This is my bad cat, Weens. When I took this picture, he was helping me edit the manuscript for my new novel, A Tale for the Time Being, which you can see, glowing on the screen behind him. He is lying on top of my Chicago Manual of Style, and also on top of In the Beginning, Woman Was the Sun: The Autobiography of a Japanese Feminist, written by Hiratsuka Raichō (1886 – 1971), founder of the Japanese feminist literary magazine, Seitō (Blue Stocking). In the Chicago Manual of Style, I was looking up the proper format for foreign language footnotes, appendices and bibliographies, of which there are many in this novel. In Raichō’s autobiography I was reading a poem, written by Yosano Akiko for the inaugural issue of Seitō entitled “Rambling Thoughts.” Raicho quotes the first few lines, and so will I:
The day the mountains move has come. Or so I say, though no one will believe me. The mountains were merely asleep for a while. But in ages past, they had moved, as if they were on fire. If you don’t believe this, that’s fine with me. All I ask is that you believe this and only this, That at this very moment, women are awakening from their deep slumber. If I could but write entirely in the first person, I, who am a woman. If I could but write entirely in the first person, I, I.

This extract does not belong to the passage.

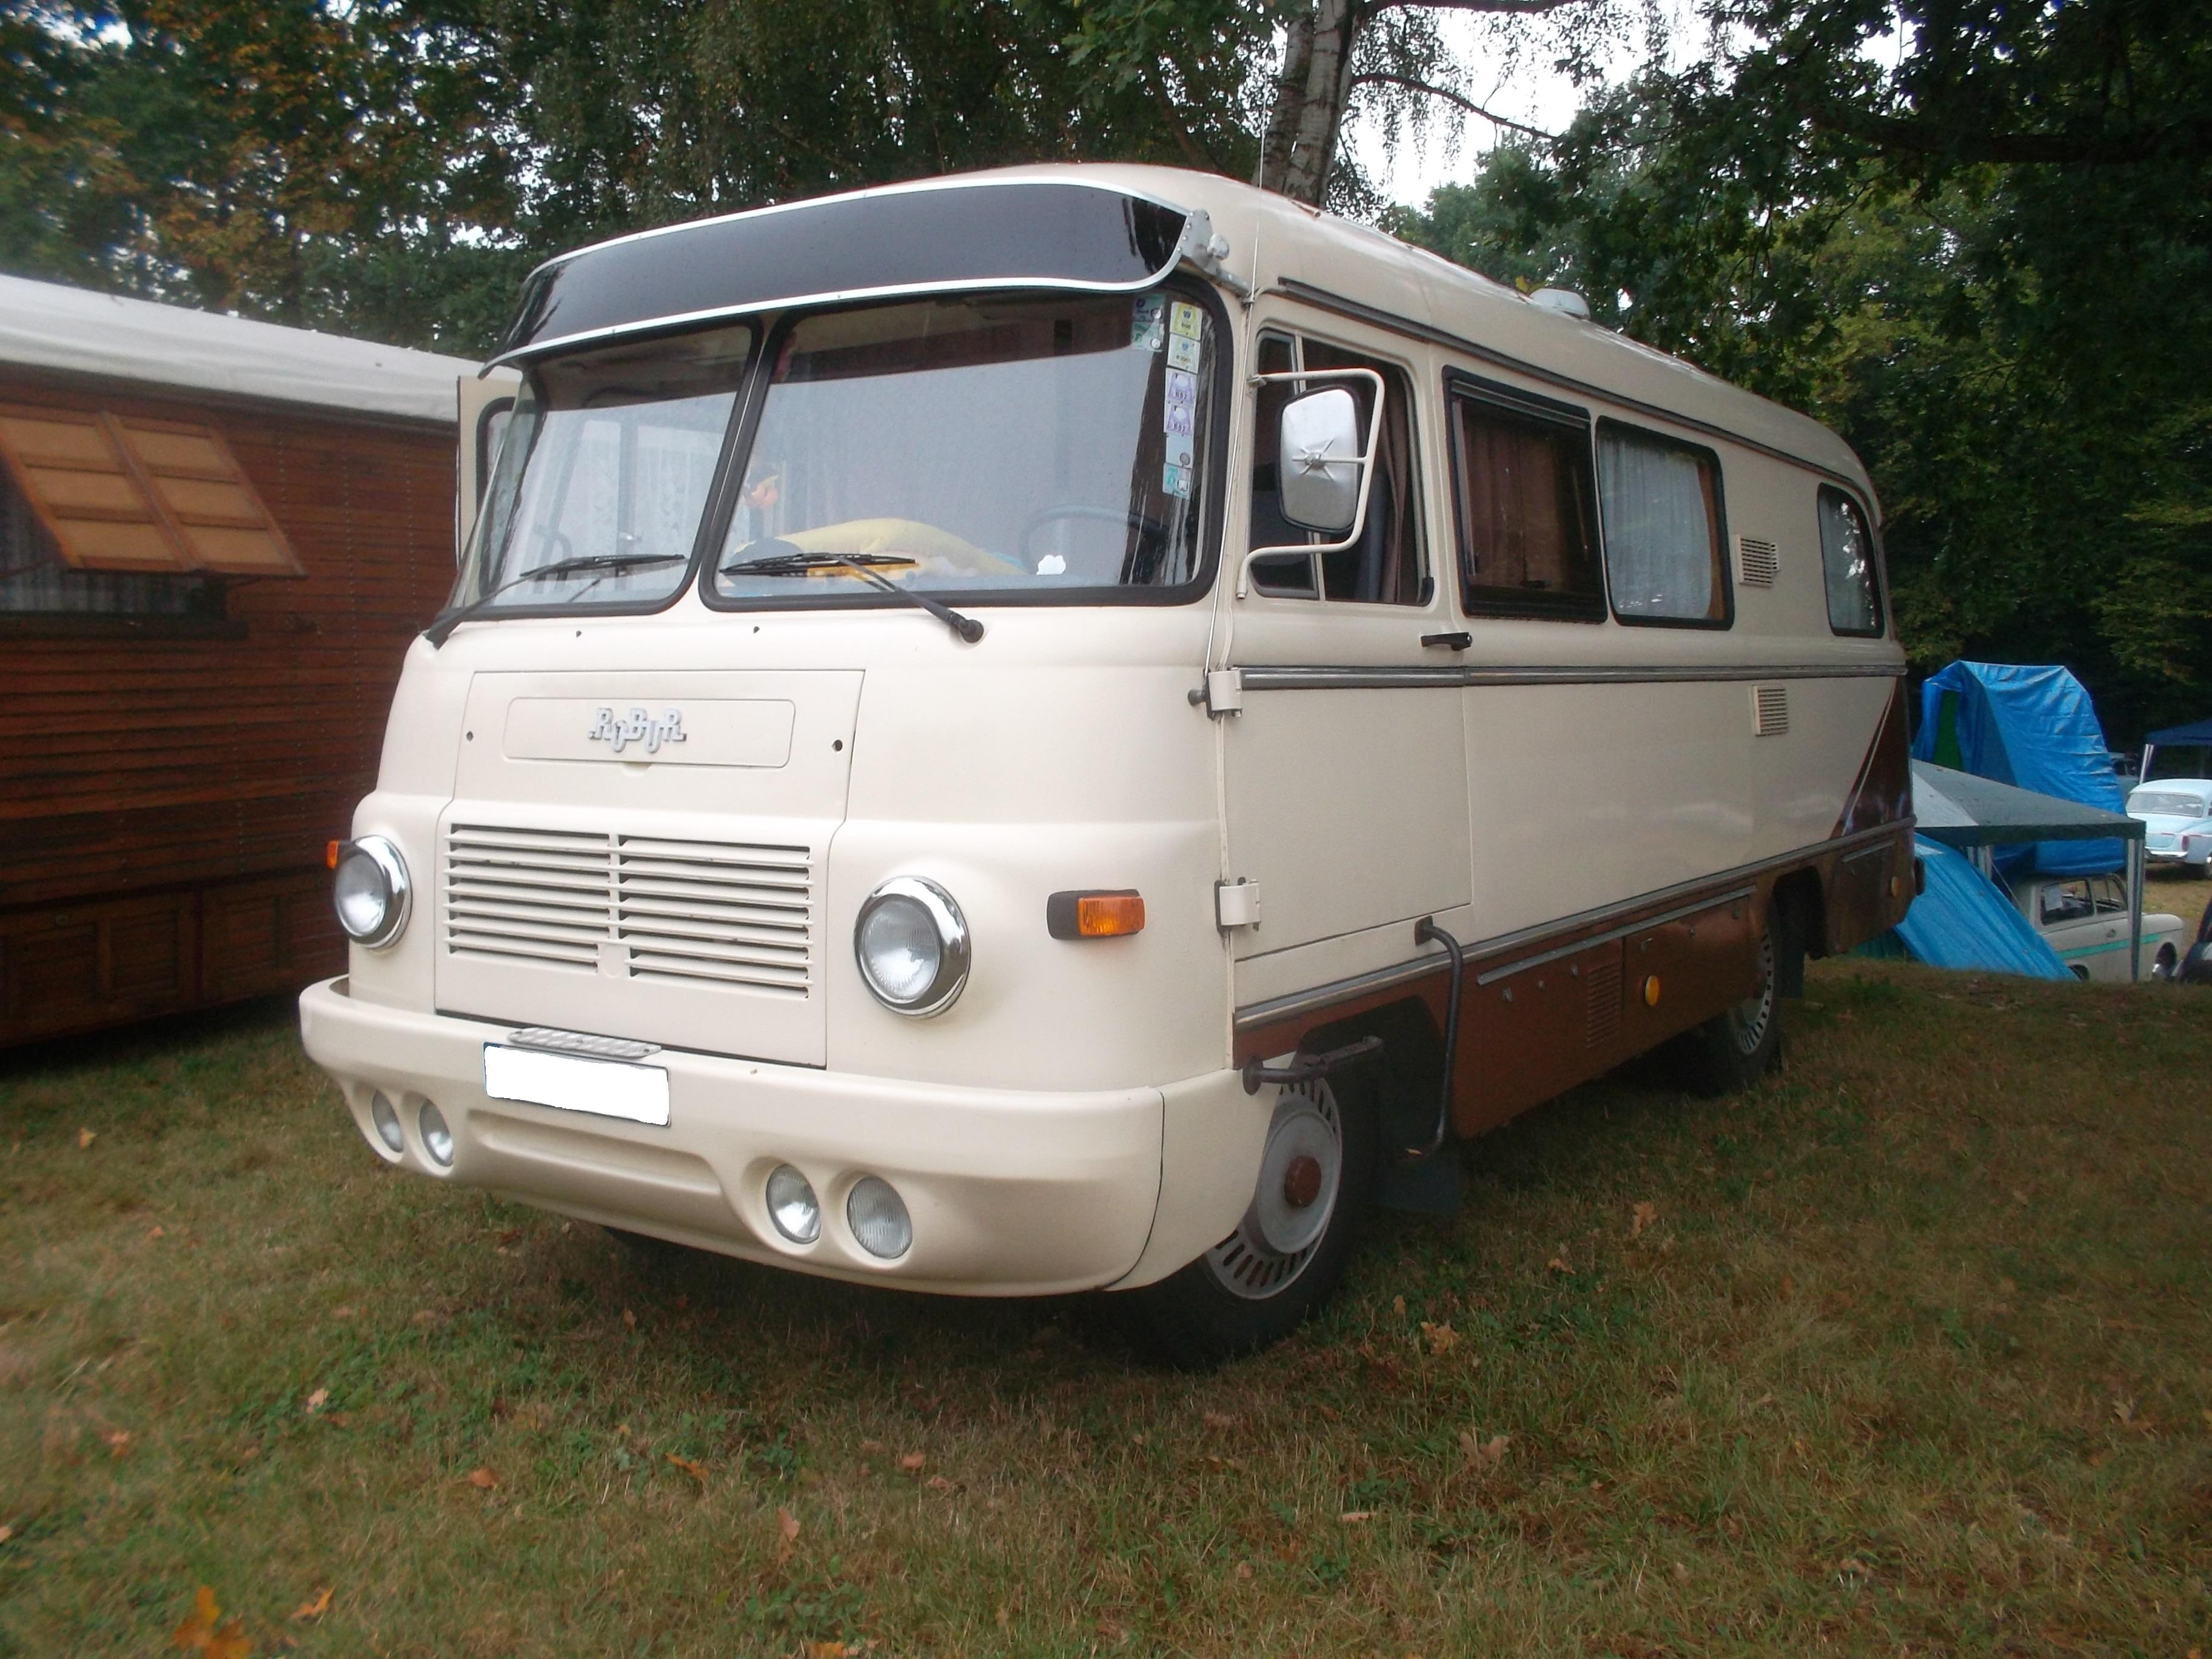 File:Robur LO 10 B 10 Wohnmobilbus (side).jpg - Wikimedia Commons

Weens lives entirely in the first person. He is a male, but even if he were a female, he would live only in the I, and only in this very moment, because he is a cat. He views my typing as an utter waste of serviceable fingers that could be more gainfully employed in rubbing the irregular white patch on his nose, in between his eyes. He doesn’t care a bit about the proper format for citations, in fact, he drooled all over them. There are sharp claws on the end of that outstretched paw, just outside the frame of the picture, and when I took this picture, he was trying to use them to snag my wrist and pull my hand to his head. I knew if I ignored him, he would fall back to sleep or walk away in a huff, and then I could get some work done, but he succeeded, and I succumbed. How could I not? There is no way on earth to write entirely in the first person. There is only I, and I.